Records shown:
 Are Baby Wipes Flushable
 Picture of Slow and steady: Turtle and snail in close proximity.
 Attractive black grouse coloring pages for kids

--

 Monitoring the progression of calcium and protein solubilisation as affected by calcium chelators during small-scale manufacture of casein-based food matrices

Work to be completed:
Beginning with the line containing "Picture of Slow" in the material above, copy every line exactly until you have copied the line containing "Attractive black grouse".

Response for this exercise:
 Picture of Slow and steady: Turtle and snail in close proximity.
 Attractive black grouse coloring pages for kids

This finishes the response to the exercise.